According to current theory, light did not exist until between 240,000 and 300,000 years after the Big Bang. Since Dark Matter probably existed already, you could say we had dark before light. This confirms the Genesis account. ("And God said, "Let there be light", and there was light.")

Until the 17th century, light was thought to travel instantaneously. Galileo, in 1638, was the first to show otherwise and try to measure its speed.

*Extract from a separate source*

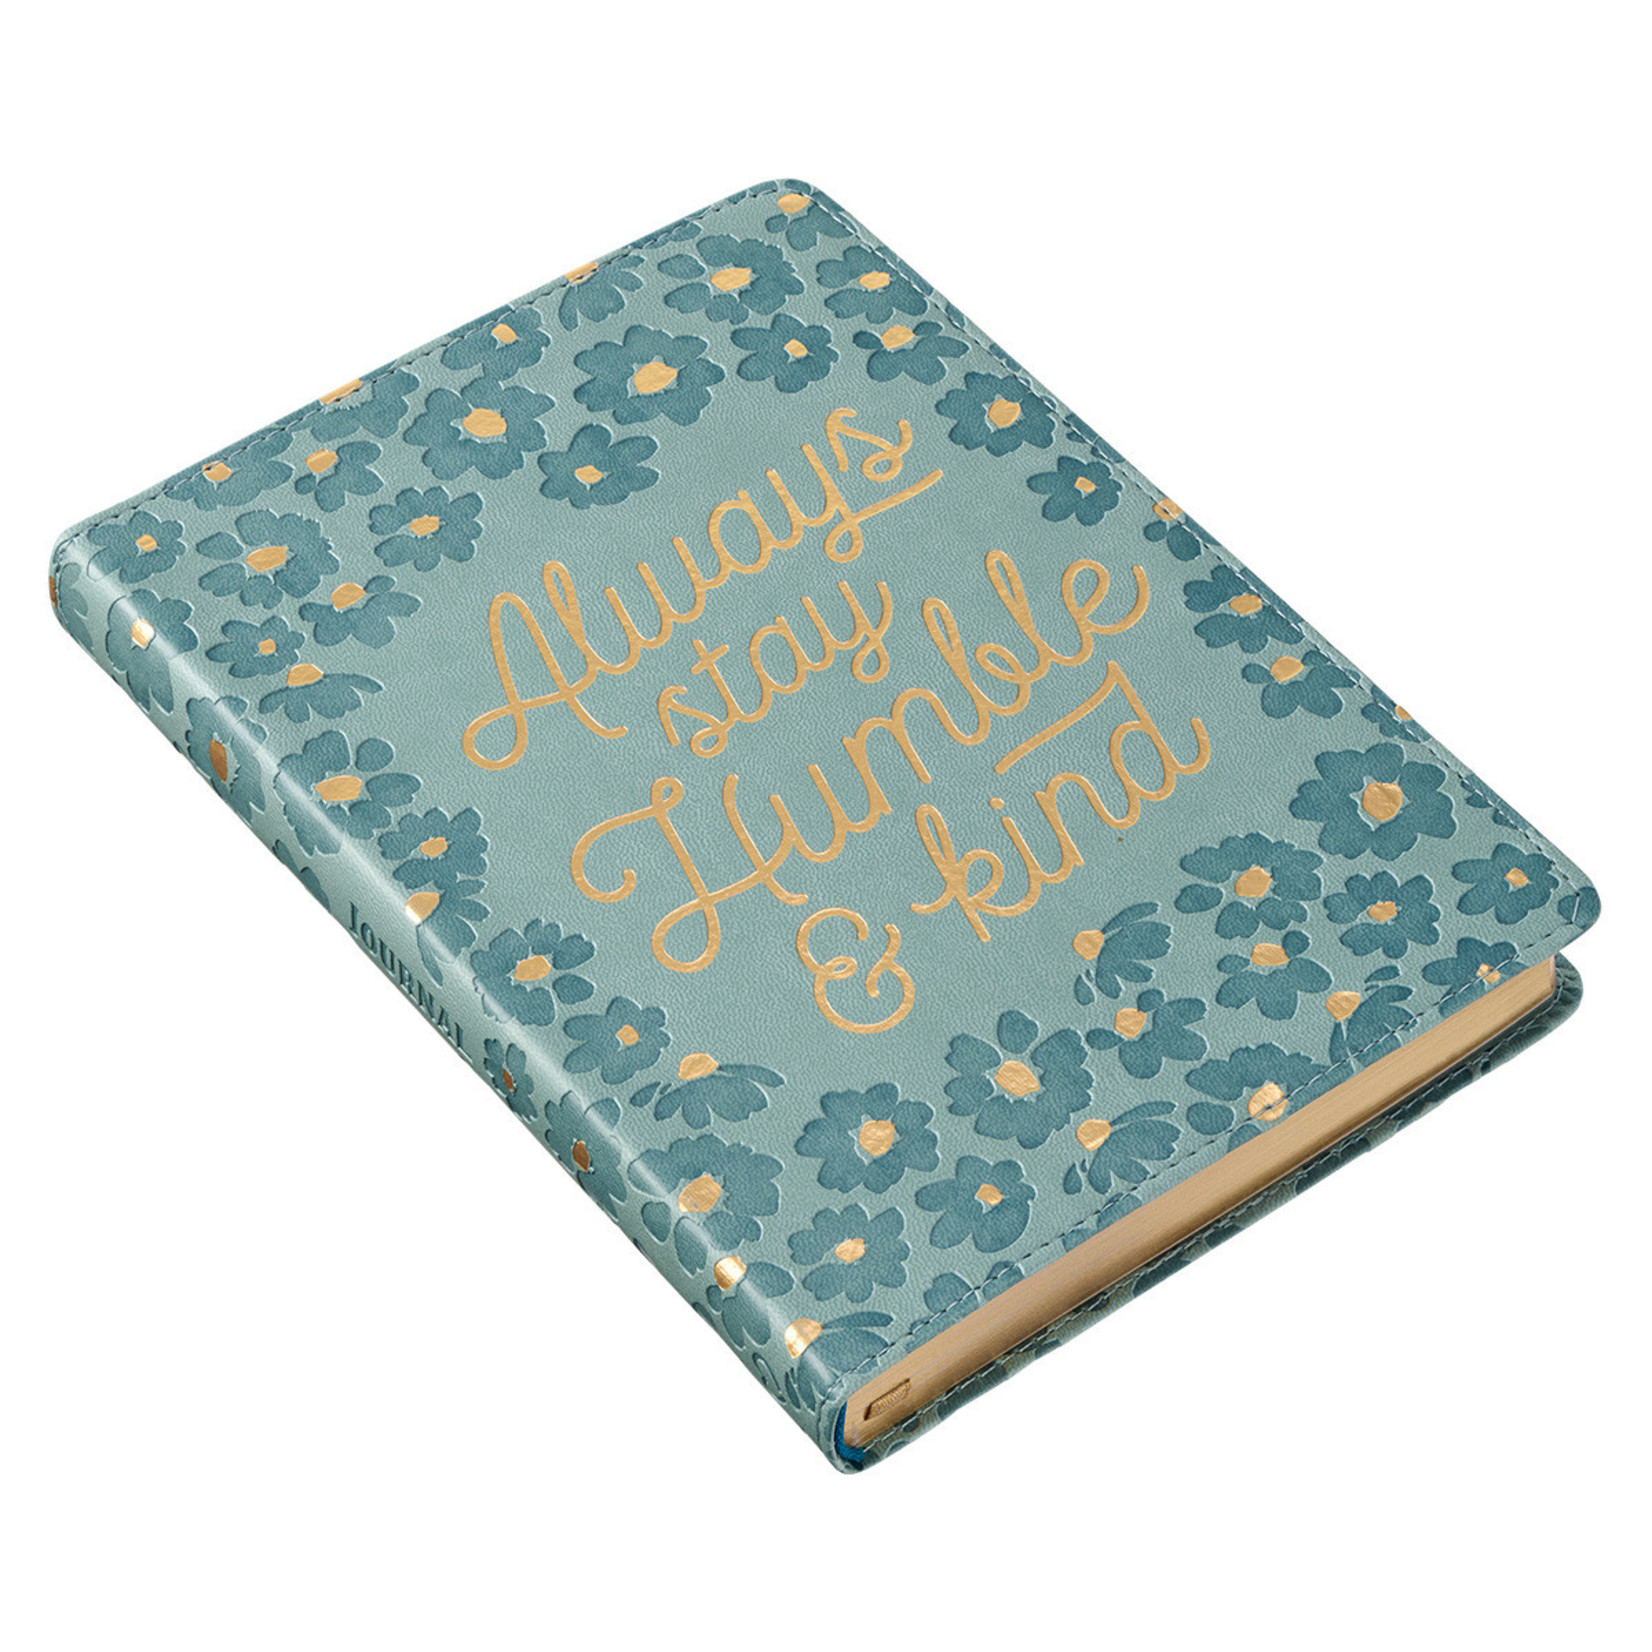 Christian Art Gifts Always Stay Humble and Kind Teal Faux Leather Classic Journal

In 1665, Isaac Newton conducted experiments on the spectrum of light using a glass prism in his room, leading to his discovery of the phenomenon. He also performed self-experiments by placing a blunt needle, known as a bodkin, between his eye and the bone to observe the impact on his vision. These experiments contributed to Newton's understanding of optics and the nature of light.

On November 21, 1676, the Danish astronomer Ole Rømer announced to the Academy of Sciences in Paris the first quantitative measurements of the speed of light. Romer used Io’s eclipse of Jupiter. to calculate it The eclipse occurred ten minutes after the expectation, allowing the speed of light to be estimated at 220,000km/s.

Rømer's view that the velocity of light was finite was not fully accepted until measurements of the so-called aberration of light were made by James Bradley in 1727.

American experimental physicist Robert Millikan disliked Einstein's results about light consisting of particles (photons) and carefully designed experiments to disprove them. He ended up confirming the particle nature of light, earning the 1923 Nobel Prize for Physics for that.

The people of Perth in Australia all turned their lights on at the same time on February 20, 1962 to greet astronaut John Glenn who was orbiting above them in Friendship 7.

Light's speed in a vacuum is about 186,282 miles a second.

Rays of light shine through metal patterns into a railway station

Light doesn't necessarily travel at the speed of light. When travelling through glass its speed slows down to about 124,000 miles a second.

In 1999, Harvard physicist Lene Hau was able to slow down light to 38 miles per hour.

It takes 8 minutes for light to travel from the sun to the earth.

Sunlight can reach a depth of 80 metres in the ocean.

Around 1670 Sir Isaac Newton identified five colors in the light spectrum: red, yellow, green, blue and violet. He added orange and indigo later.

There is no red light 30 feet underwater, so blood appears green.

When light is refracted in raindrops, a rainbow is made. The raindrop acts like a prism and refracts the light until we can see the colors of the spectrum.


Some creatures produce their own lights - bioluminescence. The Brazilian railroad worm has a red light on its head and green ones on its side.

The human body literally emits light (like fireflies do), but 1/1000 times the sensitivity of naked eyes.The light emission is rhythmatic and peaks at 4 pm.

There is a Right to Light law in England. The owner of a building with windows that have received natural daylight for 20 years or more is entitled to forbid any construction or other obstruction that would deprive him or her of that illumination.

The light we currently see from the North Star was actually emitted in the year 1583.